Fragmented ACK Flood Attack
This type of DDoS attack is a knockoff of the ACK & PUSH ACK Flood technique. They’re simple DDoS attacks that deluge a target computer network with a limited number of fragmented ACK packets. Each ACK packet has a maximum size of 1500 bytes. It is a common problem for routers and other network equipment to try to reassemble these fragmented packets. Intrusion prevention systems (IPS) can detect fragmented packets and block them from reaching their firewalls.
Spoofed Session Flood (Fake Session Attack)
Cybercriminals can use bogus SYN packets to bypass network protection tools. They also submit multiple ACK packets and at least one RST or FIN packet. This allows criminals to bypass defences that focus on incoming traffic and not return traffic analysis.
UDP Flood Attack
These DDoS attacks exploit multiple User Datagram Protocol (UDP) packets. UDP connections don’t have a handshaking mechanism like TCP, and so the options for IP address verification are limited. The volume of dummy traffic generated by this exploitation exceeds the maximum server capacity to process and respond to requests.
DNS Flood Attack
This is a variant on UDP Flood, and it’s one that specifically targets DNS servers. This malefactor creates fake DNS request packets that look legitimate and appear to be coming from many different IP addresses. DNS Flood is one the most difficult denial of service DDoS raids to detect and recover from.
VoIP Flood Attack
This DDoS attack is one of the most prevalent types of DDoS attacks, and it targets a Voice over Internet Protocol(VoIP) server. A multitude of fraudulent VoIP requests is sent from many IP addresses to drain the resources of the target server and knock it down.
NTP Flood Attack
Network Time Protocol (NTP), a networking protocol that has been around since the beginning and is responsible for clock synchronization between electronic devices, is the key to another DDoS attack vector.
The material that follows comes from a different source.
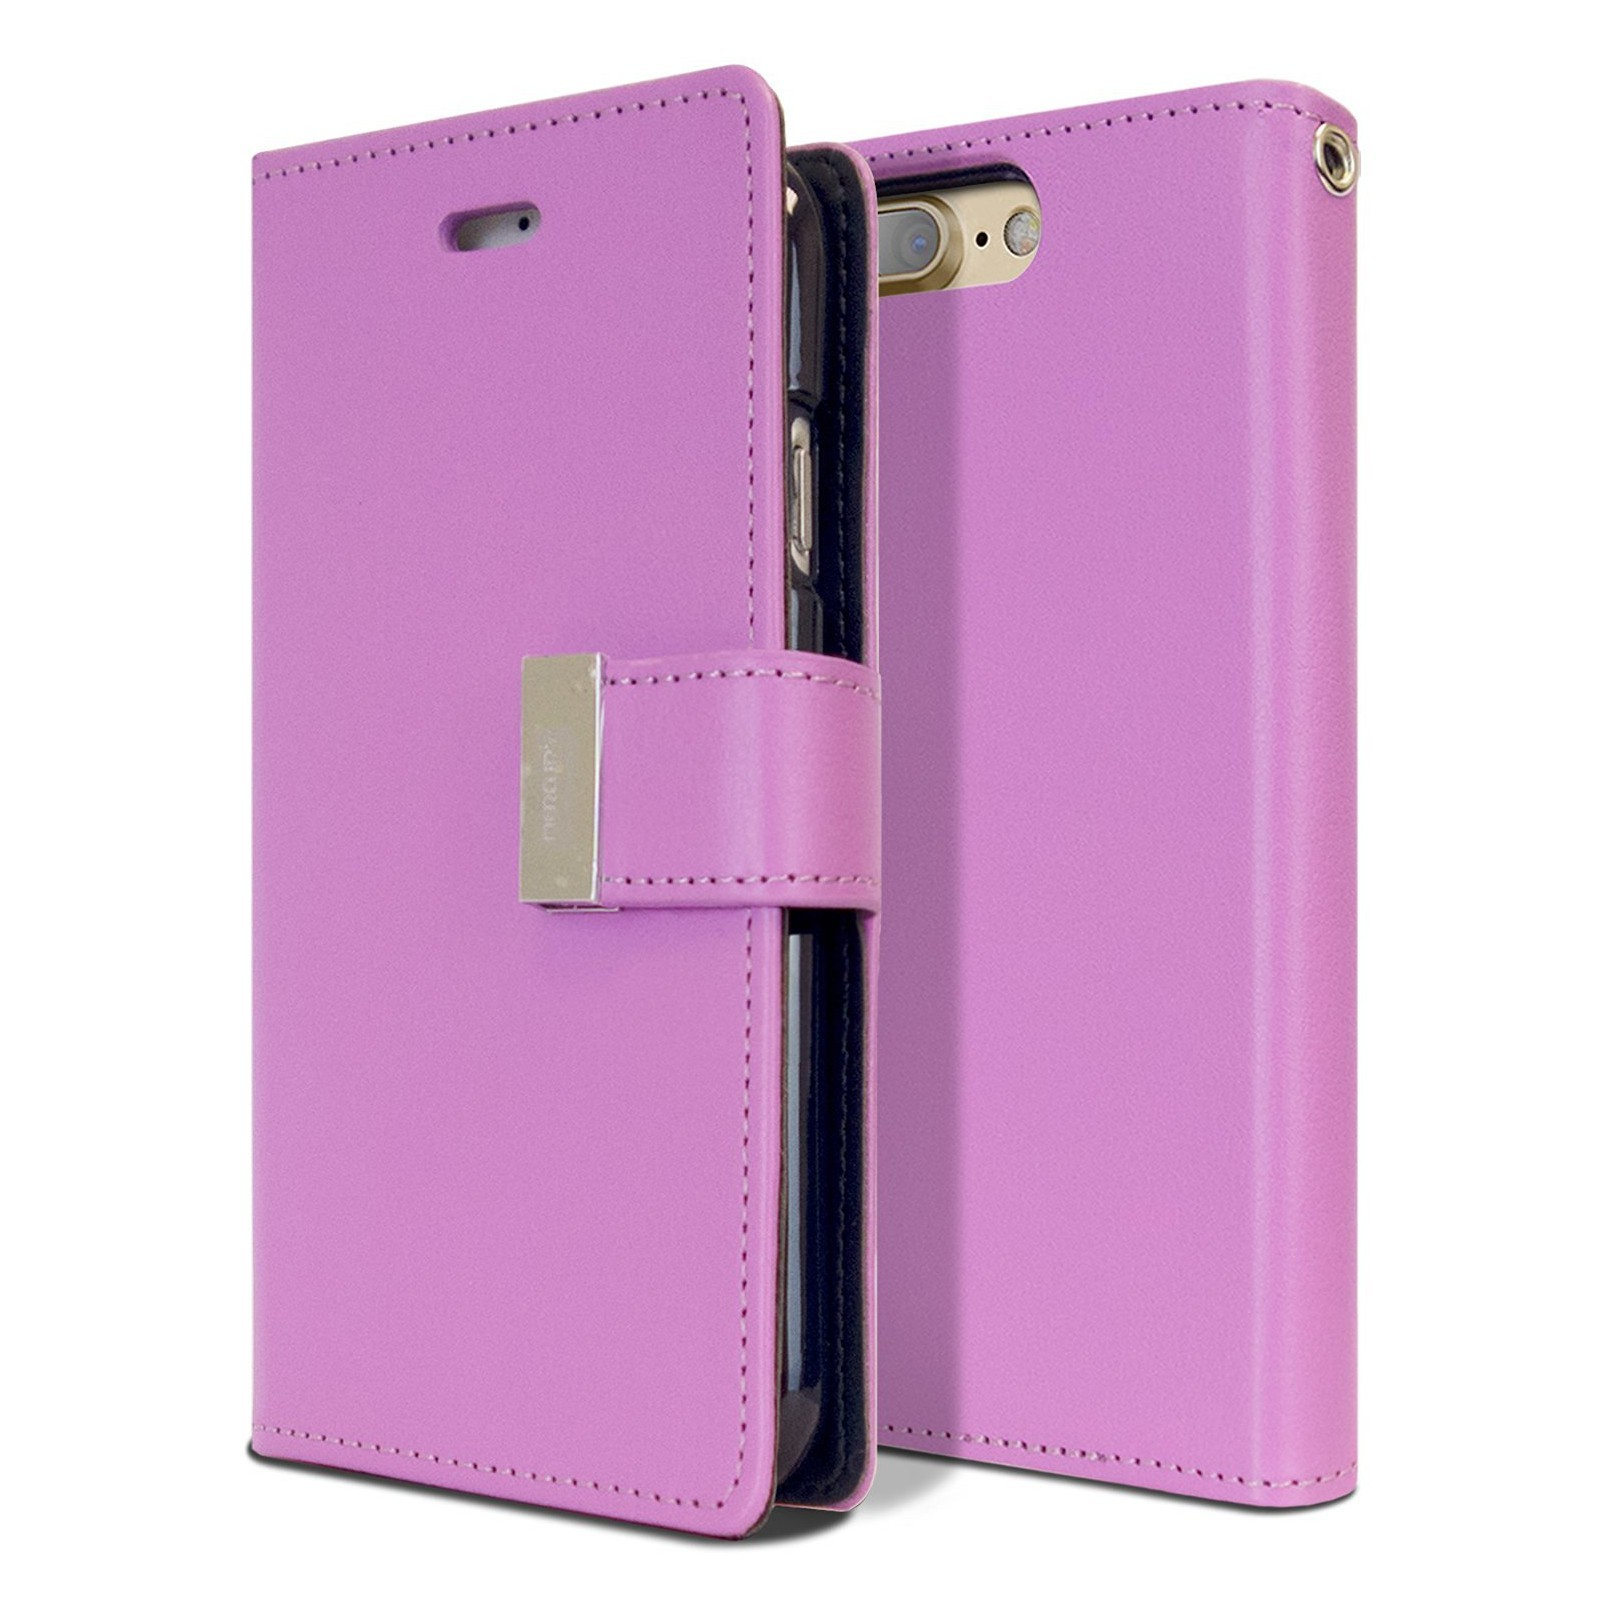 Elegantní pouzdro Goospery Rich Diary pro iPhone 8 Plus / iPhone 7 Plus - fialový

The goal is to overload the target network with UDP packets by using publicly accessible NTP Servers.
CHARGEN Flood Attack
Similar to NTP, the Character Generator Protocol, or CHARGEN, is an older version of NTP. It was developed in the 1980s. Despite this, it’s still being used on certain connected devices like printers and photocopiers. It involves sending small packets containing a victim server’s fabricated IP to devices with the CHARGEN protocol enabled. The Internet-facing devices send UDP flood packets to the victim server in response. This floods the server with redundant data.
SSDP Flood Attack
By executing Simple Service Discovery Protocol (SSDP) reflection-based DDoS attacks on networked devices running Universal Plug and Play services (UPnP), malefactors can exploit these devices. Small UDP packets, which contain fake IP addresses, are sent to multiple UPnP-capable devices by the attacker. The server becomes overwhelmed by these requests until it is forced to shut down.
HTTP Flood Attack
In these types of DDoS attacks, an attacker sends ostensibly legitimate GET/POST requests to a server or web app, siphoning off most or all of the resources. This technique involves botnets made up of “zombie computers” that have been previously infected by malware.